To say anything more would do the readers a great disservice. Does Tom Stall have a history of violence, or doesn’t he? That’s the question that runs throughout the rest of the film. Viggo Mortensen’s skill here couldn’t be any more perfect. Nothing in his performance gives anything away to the audience; you’re just as mystified about his past as the other characters in the film are. It’s a very quiet and somber performance that intensifies every scene he is in. William Hurt is almost an invisible man here – he immerses himself into his brief role and exhibits a side he has never shown us before. Let’s hope the Academy members notice these two.

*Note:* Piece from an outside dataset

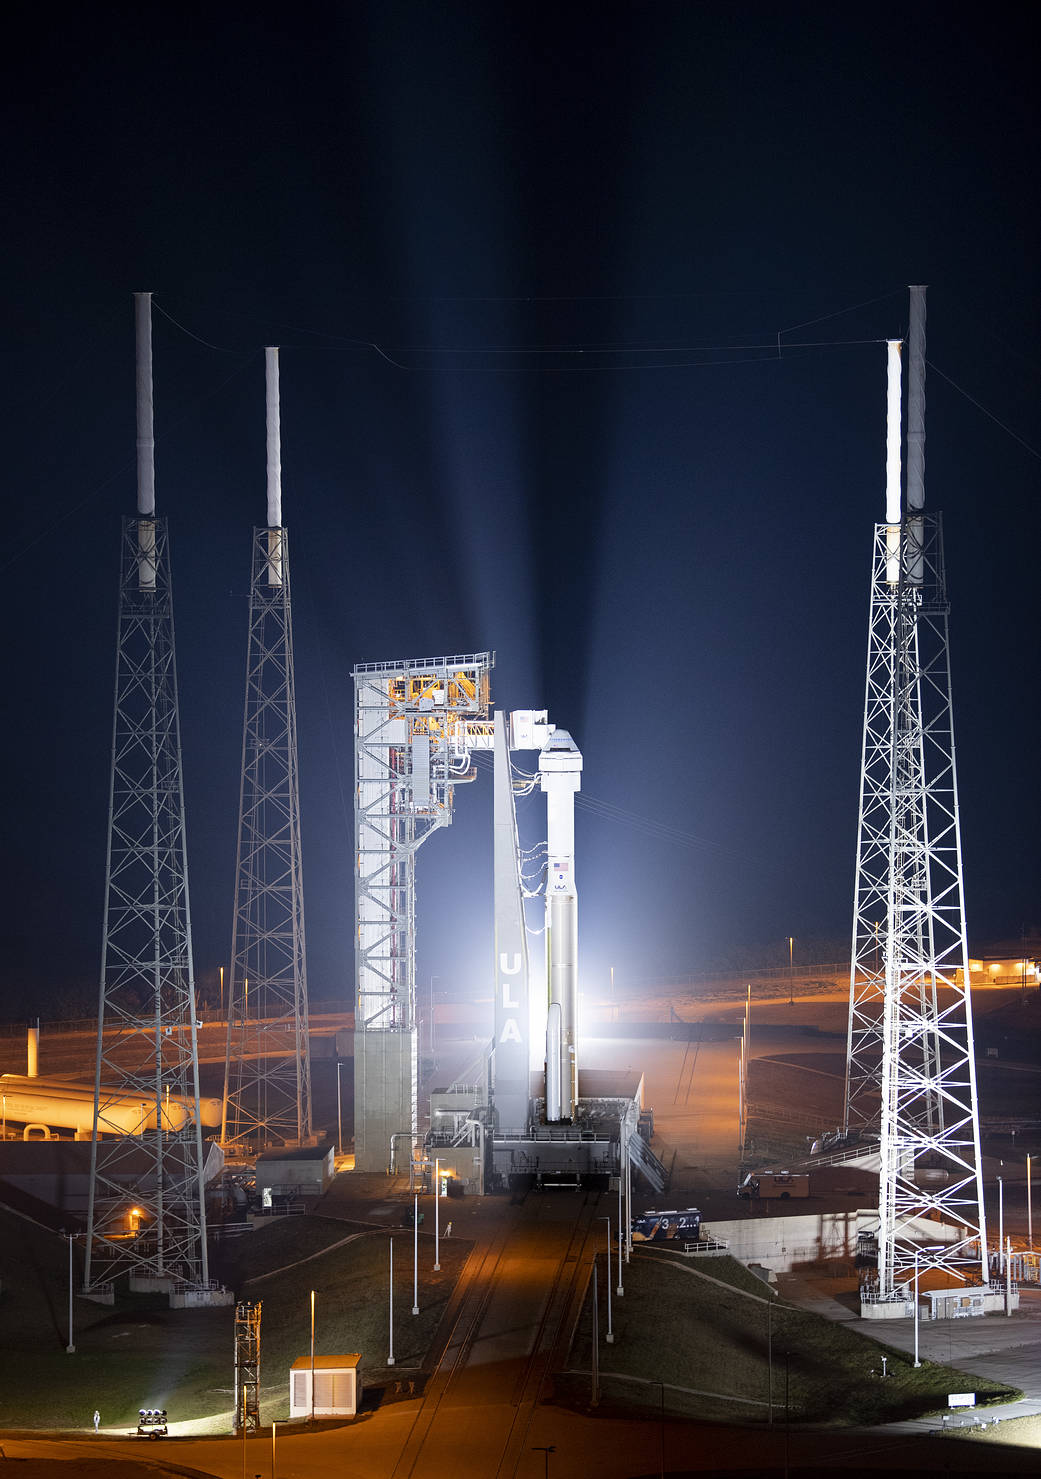 A United Launch Alliance Atlas V rocket with Boeing’s CST-100 Starliner spacecraft aboard is seen illuminated by spotlights on the launch pad at Space Launch Complex 41 ahead of the Orbital Flight Test-2 mission.

It’s easy to see why Cronenberg was interested in an otherwise simple story. “A History of Violence” is more about human relations than it is about plot and that’s what makes it work so well. He derives an almost too realistic performance from all the actors involved, as if he put them through this horrible tragedy for real. Each nuanced performance is perfectly complimented by Peter Suschitzky’s subtle camera work, never moving too often or taking focus away from the action.
Could you compare this to any other Cronenberg movie? Absolutely not. Sure, there are elements in this film that are 100% Cronenberg (the beautiful violence we so rarely see these days, subtle weird humor), but this is definitely not your typical Cronenberg. No matter if you either love his cinematic oddities, or if you’re put off by them, watching “A History of Violence” would prove beneficial. It’s no doubt one of the best films of the year.